Par un mémoire en défense, enregistré le 9 mai 2022, le ministre de l’économie, des finances et de la souveraineté industrielle et numérique conclut au rejet de la requête.
Il fait valoir que :
— la requête est irrecevable dès lors que la décision de licenciement attaquée a été rapportée ;
— le moyen nouveau relatif au harcèlement moral est irrecevable car présenté après l’expiration des délais de recours ;
— les conclusions indemnitaires sont irrecevables faute de liaison du contentieux ;
— les conclusions nouvelles à fin d’injonction sont irrecevables ;
— les moyens présentés par la requérante ne sont pas fondés.
Vu les autres pièces du dossier.
Vu :
— le code de la sécurité sociale ;
— la loi n° 83-634 du 13 juillet 1983 ;
— le décret n° 86-83 du 17 janvier 1986
— le code de justice administrative.
Les parties ont été régulièrement averties du jour de l’audience.
Ont été entendus au cours de l’audience publique :
— le rapport de M. Gayrard, président-rapporteur,
— et les conclusions de Mme Delon, rapporteure publique,
Considérant ce qui suit :
1. Mme A a été recrutée par contrat du 5 novembre 2018 par la direction régionale d’Occitanie de l’Institut National de la statistique et des études économiques (INSEE) en tant qu’enquêtrice en contrat à durée déterminée à temps partiel à compter du 1er décembre 2018 pour exercer ses fonctions dans la résidence administrative de Ventabren. Mme A a été placée en arrêt maladie à compter du 27 janvier 2021 prolongé jusqu’au 21 juillet 2021 à raison d’un eczéma congénital. Par courrier du 6 avril 2021, Mme A a informé l’INSEE de son déménagement à compter du 7 mai 2021 à Seignosse (40). Par courrier du 21 avril 2021, la directrice régionale de l’INSEE, a informé Mme A de son licenciement à compter du 7 mai 2021. Cette décision a été retirée par une décision du 14 juin 2021, suite à la réception, le 25 avril 2021, par l’INSEE de la prolongation de l’arrêt de travail de Mme A à compter du 21 avril et jusqu’au 21 mai 2021. Mme A, a été réintégrée et placée rétroactivement à compter du 7 mai 2021 en position de congé maladie.
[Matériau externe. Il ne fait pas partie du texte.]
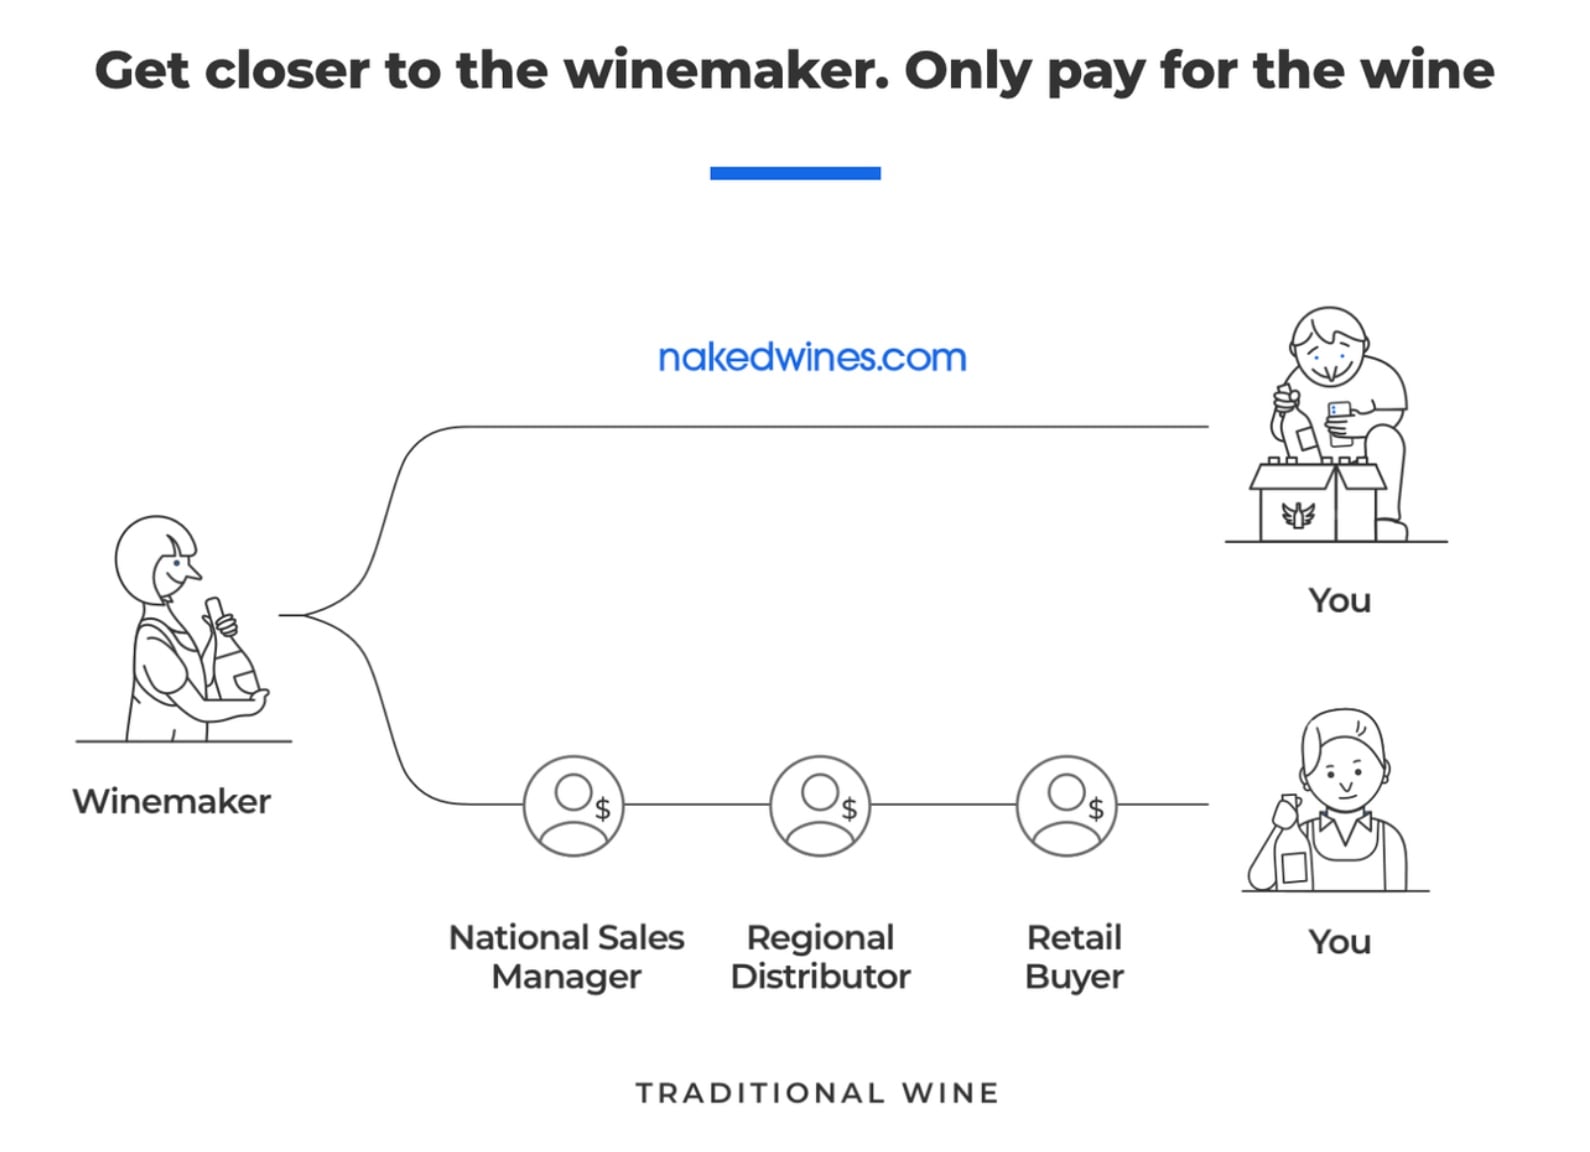 "Get closer to your winemaker" diagram

Le 18 juillet 2021, la requérante a transmis à l’INSEE une lettre de démission de son emploi d’enquêtrice à compter du 22 juillet 2021. Le 24 juillet 2021, Mme A s’est vu notifier un titre de perception d’un montant de 1 990,27 € au titre d’un trop perçu de rémunération. Par la présente requête, Mme A demande l’annulation de ce titre de perception ainsi que la condamnation de l’INSEE à l’indemniser du préjudice moral qu’elle estime avoir subi ainsi que de son préjudice financier.
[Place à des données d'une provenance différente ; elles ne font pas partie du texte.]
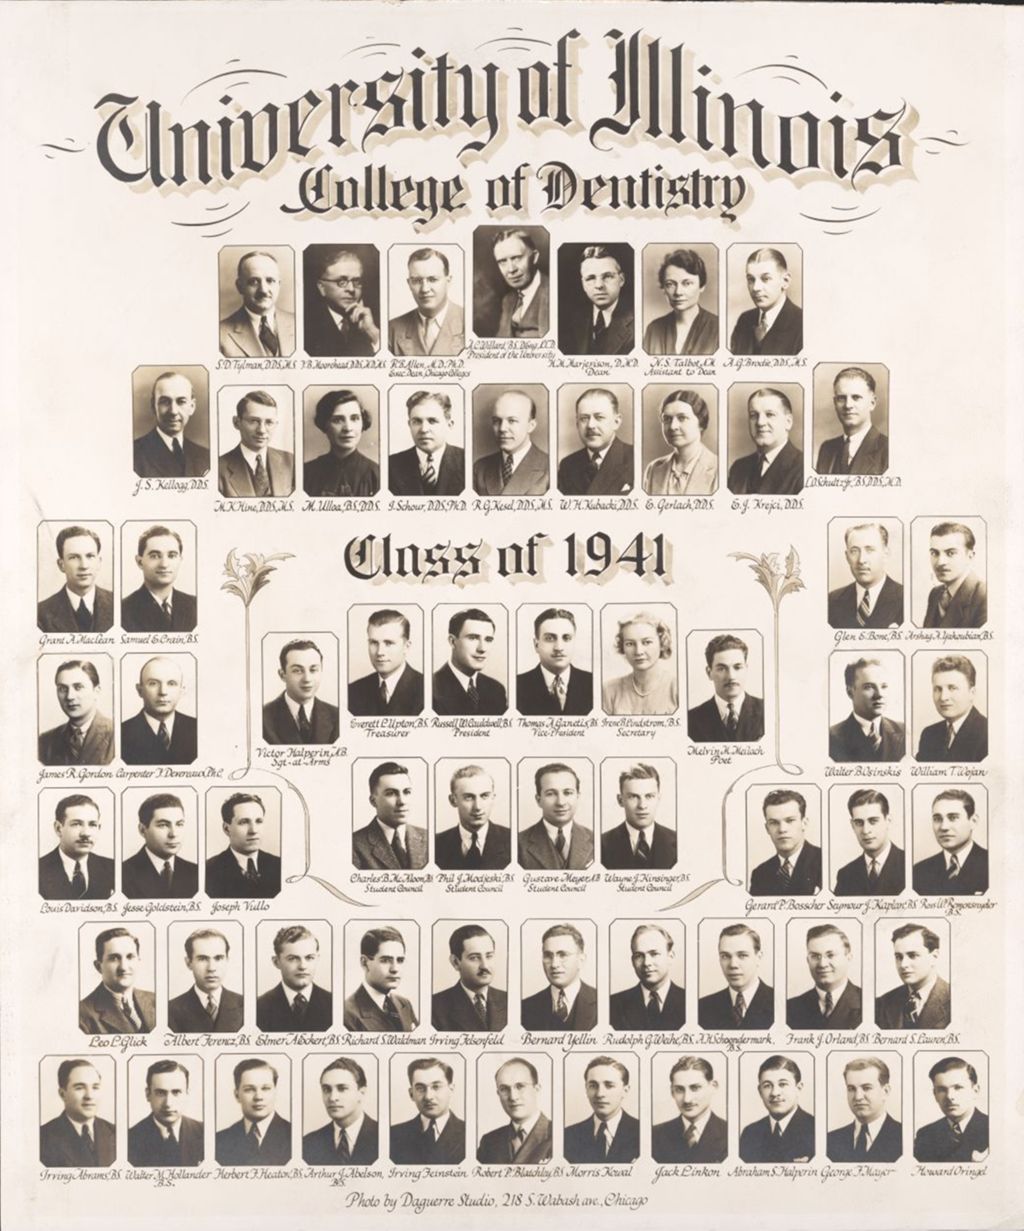 Miniature of 1941 graduating class, University of Illinois College of Dentistry

Sur les conclusions à fin d’annulation du titre exécutoire :
2. Aux termes de l’article 12 du décret du 17 janvier 1986 : " l’agent contractuel en activité bénéficie, sur présentation d’un certificat médical, pendant une période de douze mois consécutifs si son utilisation est continue ou au cours d’une période comprenant trois cents jours de services effectifs si son utilisation est discontinue, de congés de maladie dans les limites suivantes : () Après deux ans de services : -deux mois à plein traitement ; -deux mois à demi-traitement ;(). « Par ailleurs, aux termes de l’article R. 323-11 du code de la sécurité sociale : » () La caisse primaire de l’assurance maladie n’est pas fondée à suspendre le service de l’indemnité journalière lorsque l’employeur maintient à l’assuré, en cas de maladie, tout ou partie de son salaire ou des avantages en nature, soit en vertu d’un contrat individuel ou collectif de travail, soit en vertu des usages, soit de sa propre initiative. / Toutefois, lorsque le salaire est maintenu en totalité, l’employeur est subrogé de plein droit à l’assuré, quelles que soient les clauses du contrat, dans les droits de celui-ci aux indemnités journalières qui lui sont dues. () ". En outre, en vertu des dispositions de l’article 2 du décret du 17 janvier 1986 relatif aux dispositions générales applicables aux agents contractuels de l’Etat pris pour l’application de l’article 7 de la loi du 11 janvier 1984 portant dispositions statutaires relatives à la fonction publique de l’Etat, les prestations en espèces de sécurité sociale servies aux agents non titulaires placés en congé maladie sont déduites du plein ou demi traitement maintenu à ces agents. Il résulte de ces dispositions que lorsqu’un agent contractuel placé en congé de maladie perçoit des indemnités journalières de la caisse primaire d’assurance maladie, l’administration peut procéder à la déduction de ces sommes sur celles qu’elle doit verser à l’intéressé au titre de son traitement. Dans l’hypothèse où l’administration n’opère pas cette déduction, elle peut procéder au recouvrement de la somme correspondant aux indemnités journalières perçues par son agent.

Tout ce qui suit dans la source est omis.